Employees overloaded by war, Gaza pullout "don't feel good about their work."
By RUTH EGLASH
When Welfare and Social Services Ministry Director-General Moshe Shayon welcomed Isaac Herzog to his job last Thursday, he stressed to him that one of the biggest challenges facing the new minister would be a lack of manpower to handle the growing number of social welfare cases.
"Last summer's war [with Hizbullah] and the disengagement [from Gaza] the year before have all contributed to putting pressure on our office," Shayon told him. "Our workers in the field are faced with a daily dilemma where they are overloaded with cases and have to leave many people without treatment."
On Sunday, three days after Herzog began his work as welfare and social services minister, social workers responded to the issue of understaffing, with the head of the Social Workers Union warning that if a plan was not implemented soon to remedy the situation, social workers would be forced to take serious action.
"At the moment, the pressure on social workers is extremely high," said Itzik Perry, chairman of the Social Workers Union. "There are not enough workers and we are not being given enough tools to do our jobs. That puts us at risk for making mistakes."
According to Perry, despite a sharp increase over the past five years in the number of welfare cases being opened, the government has not added personnel to match the demand.
The most recent figures published by the ministry put the number of social workers providing services via local municipalities nationwide at around 3,500. The total number of families with open social services case files stands at 480,000, although fewer than 200,000 are high priority, said ministry spokesman Nahum Ido.
Perry, however, said that the number might be even higher and averages out to 230 to 250 cases per social worker.
He also cited the situation of child welfare workers, who help children and youth at risk, as a good example of case loads that had reached unmanageable proportions. "The law says that a case worker should have no more than 35 children to be effective, but today most are responsible for about 150 children," Perry said. Those treating the elderly and dealing with domestic violence are equally pressured, he said.
Jerusalem is an example of a city where social welfare cases severely exceed the capacity of social workers. In October, the Jerusalem Institute for Israel Studies, a nonprofit policy research center, labeled the capital as Israel's poorest city.
Dorit Biran, director for Planning, Research and Development of Social Services for the Jerusalem Municipality, said on Sunday that more than 40,000 families currently have open welfare files, with only around 300 social workers to deal with them.
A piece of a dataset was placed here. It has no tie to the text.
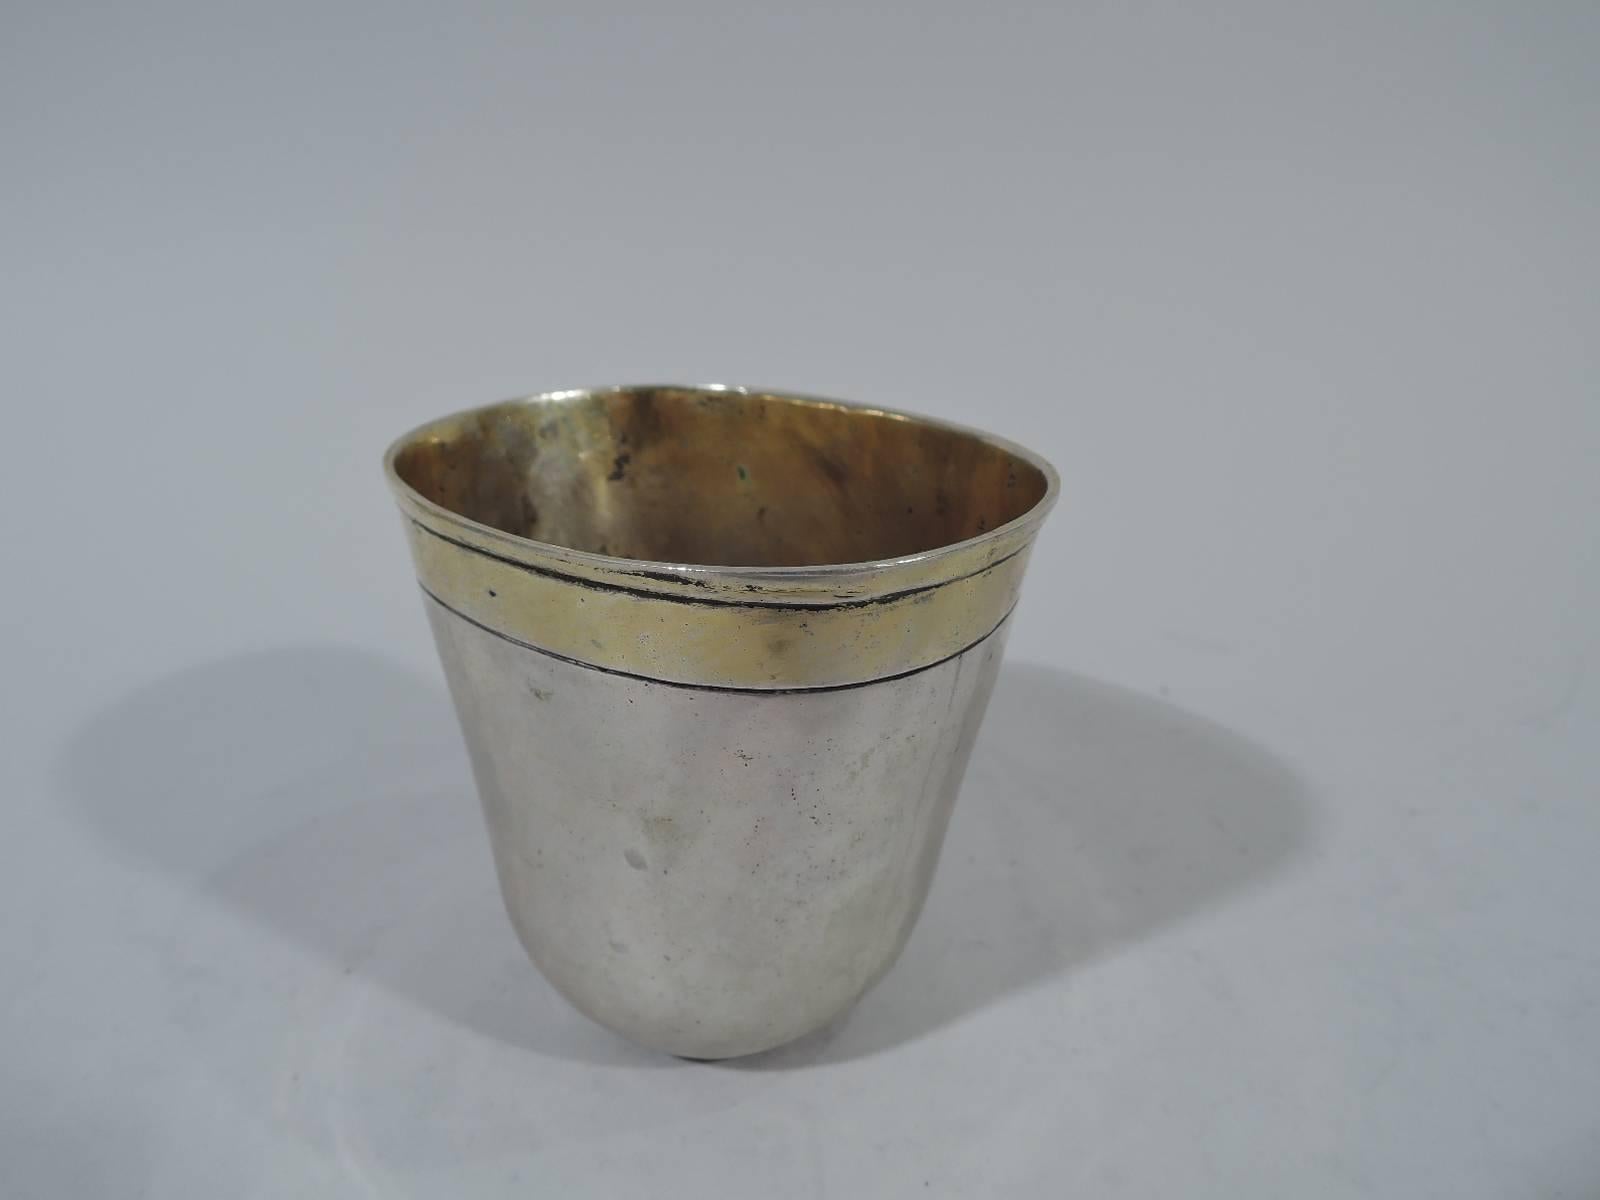 German silver beaker, 18th century ovoid with slightly flattened form. Rim has incised and gilt band. A beautiful piece rich in history. Nuremberg hallmark. Weight: 4.5 troy ounces.

"In west Jerusalem, that averages out to each social worker being responsible for 150 households, and in east Jerusalem it's up to 230," Biran said. "Social workers here do not feel good about their work. Besides not reaching those who are not signed up with us, social workers here cannot even deal with those who do have an open files."
"How many people can a single social worker take care of?" asked Assa Ben-Yossef, head of the Social Welfare Department for the Local Authorities. "We hope the new minister will improve all aspects of social welfare in Israel, but it is impossible for us to provide quality services if we do not have the manpower and the tools to do so."
Ben-Yossef said that while there was no shortage of new university graduates in the field, the hard work, long hours and low salaries made the profession extremely unattractive.
Perry added that there was also the problem of social workers burning out very quickly. "Salaries are definitely a sticking point," he said. "But after five years of such intensive work, many social workers look for work in other areas."
"These figures paint a very sad picture of the stresses faced by social services all over the country," said Perry, adding, "Obviously, the new minister will not be able to find a solution to all the country's social problems and much depends on the Treasury and on additional funding. However, if we do not see a plan to improve the situation over the next few years, then the union will have to go to battle on this issue."